= Michael Bohmeyer =

German entrepreneur, author and activist

Michael Bohmeyer (born 1 October 1984, in Rüdersdorf) is a German entrepreneur, author and activist for universal basic income in the country. In 2014, he founded the association Mein Grundeinkommen.

== Life and career ==
Together with others, Bohmeyer founded various companies: the online sign trade Bohmeyer & Schuster GmbH, the social network want2do AG and the technology startup admineo UG.

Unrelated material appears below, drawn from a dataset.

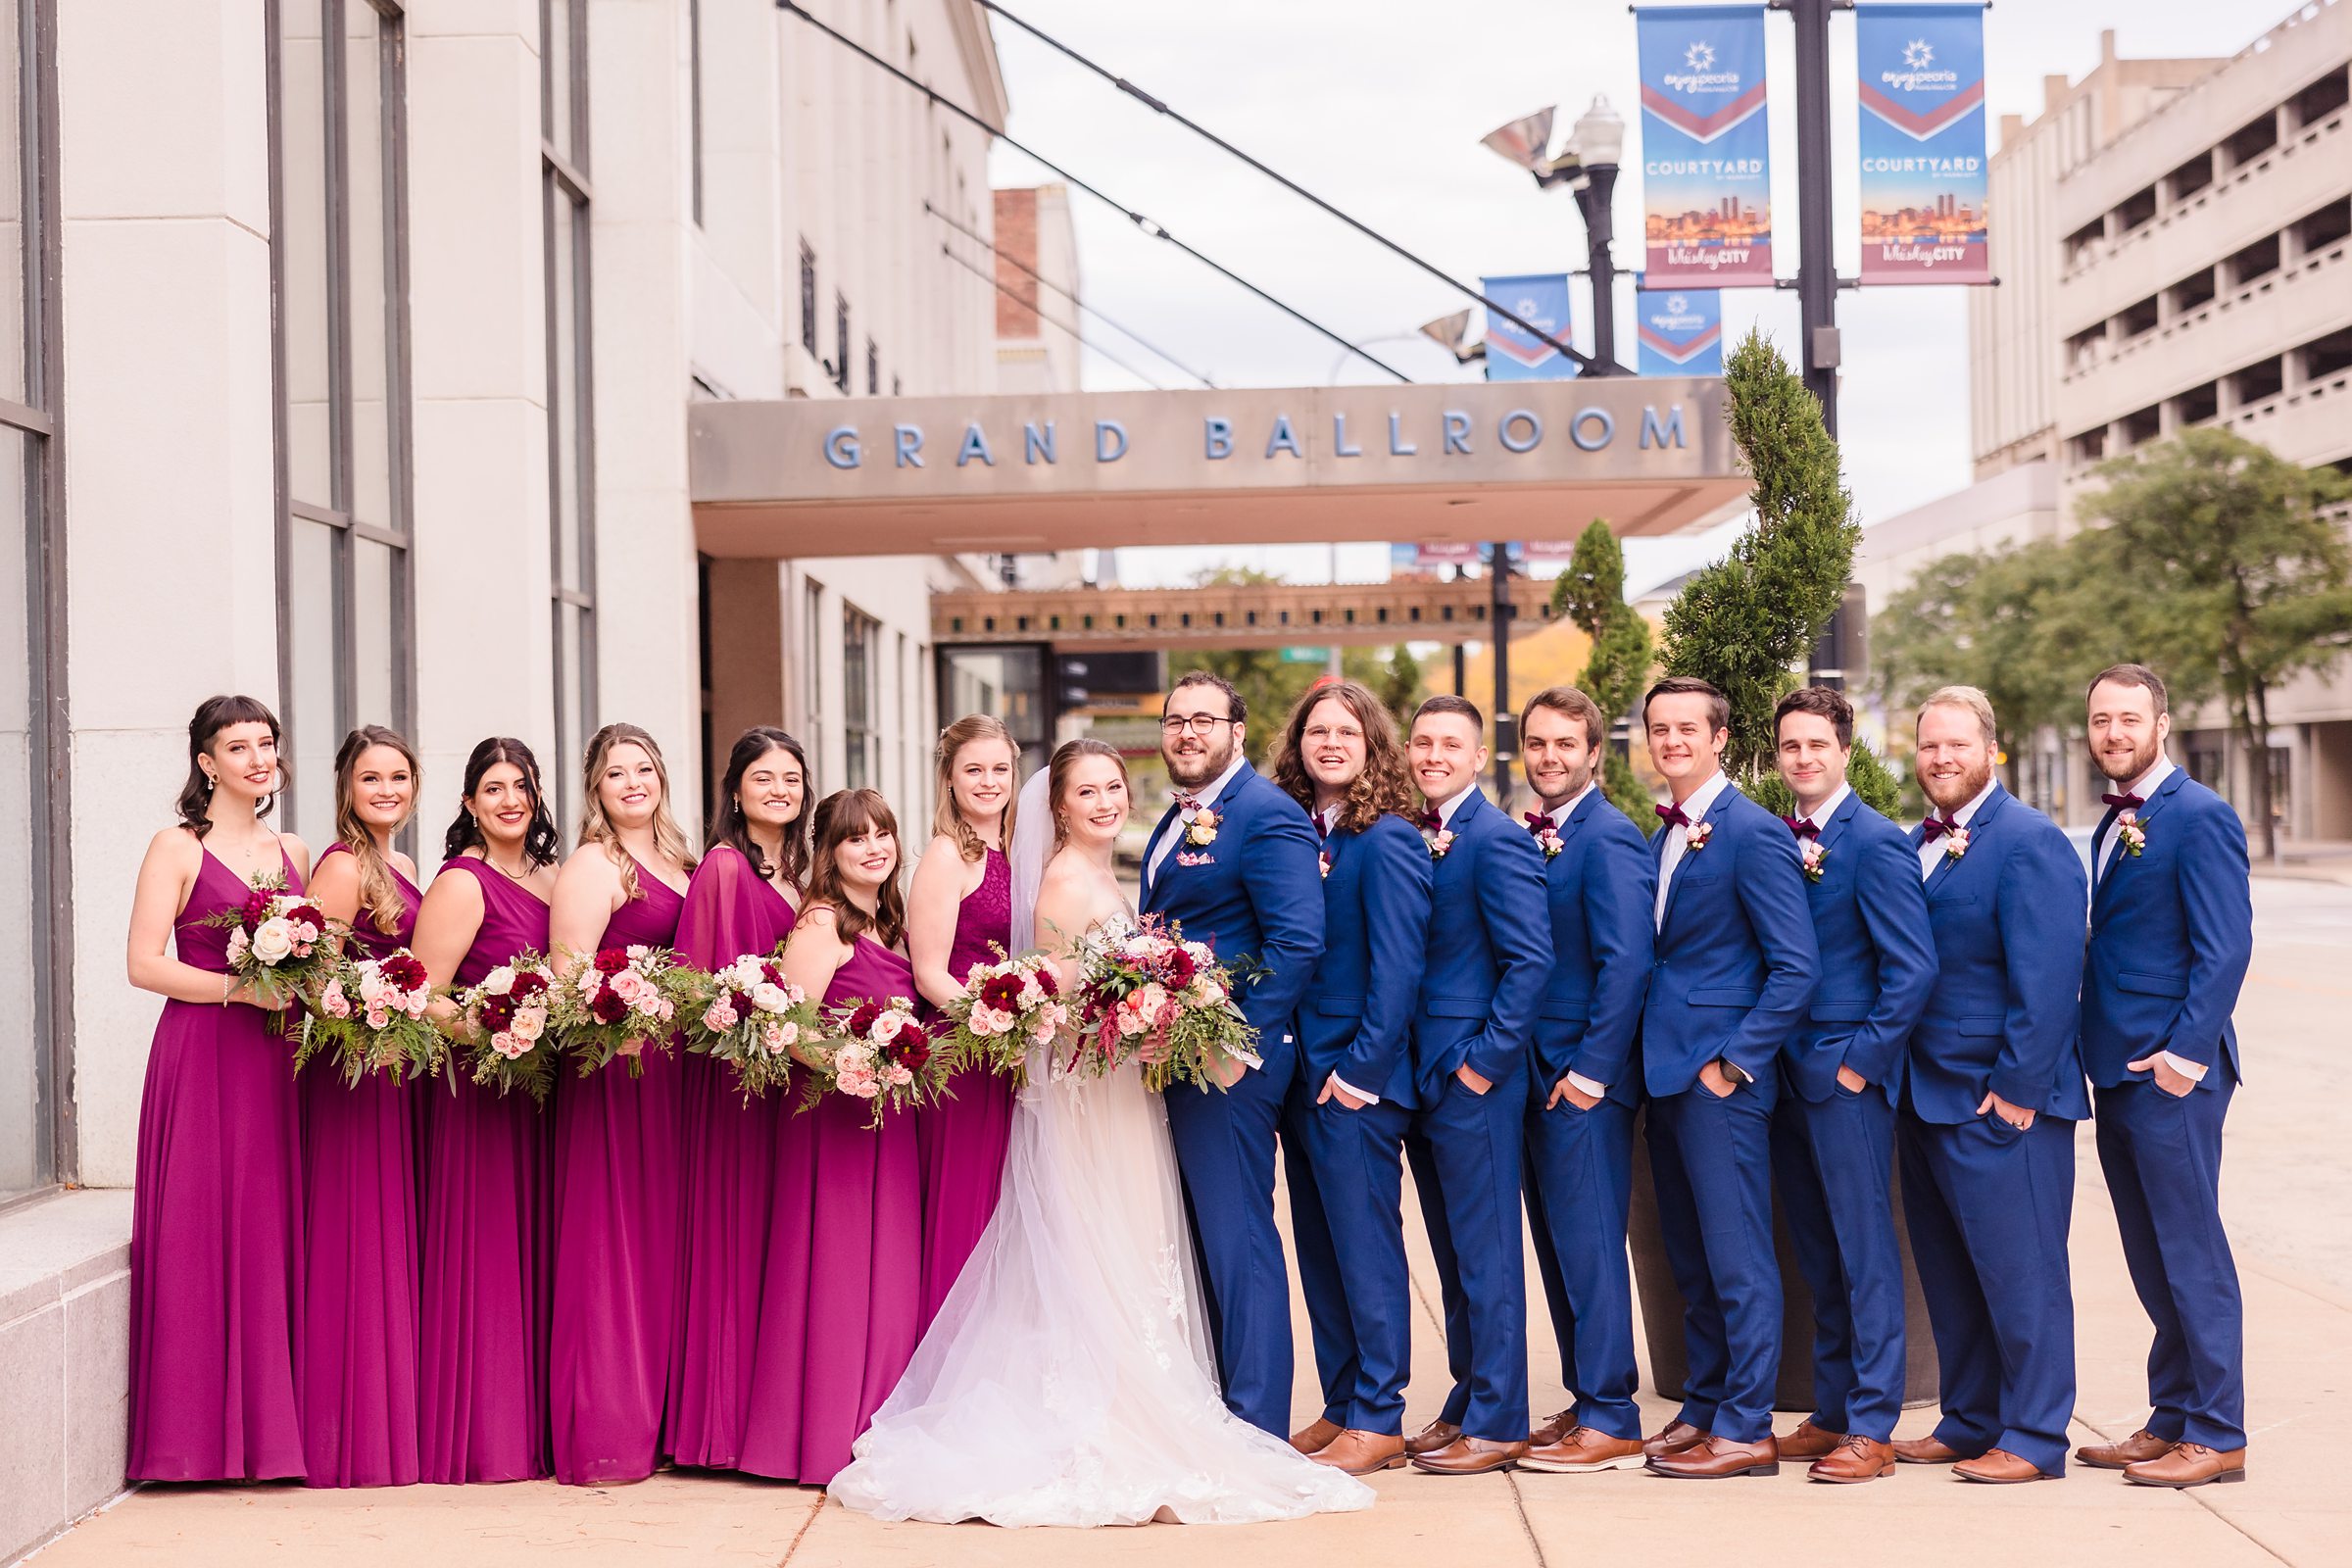 Full bridal party at the Hotel Pere Marquette in Peoria, Illinois.

As a passive co-owner of Bohmeyer & Schuster since 2013, Bohmeyer receives an annual profit distribution. He perceived this unpowered income as „eine Art Bedingungsloses Grundeinkommen“ ("a kind of unconditional basic income"). Inspired by this experience, he founded the non-governmental organization Mein Grundeinkommen in 2014. The NGO uses crowdfunding to collect money to be raffled off as a one-year basic income of 1,000 euros per month among the people registered on its website. As of 2021, over 800 people have gained a one-year basic income.

In 2015 Bohmeyer took part in the establishment of the association Sanktionsfrei, which offers recipients of Arbeitslosengeld II legal and financial help.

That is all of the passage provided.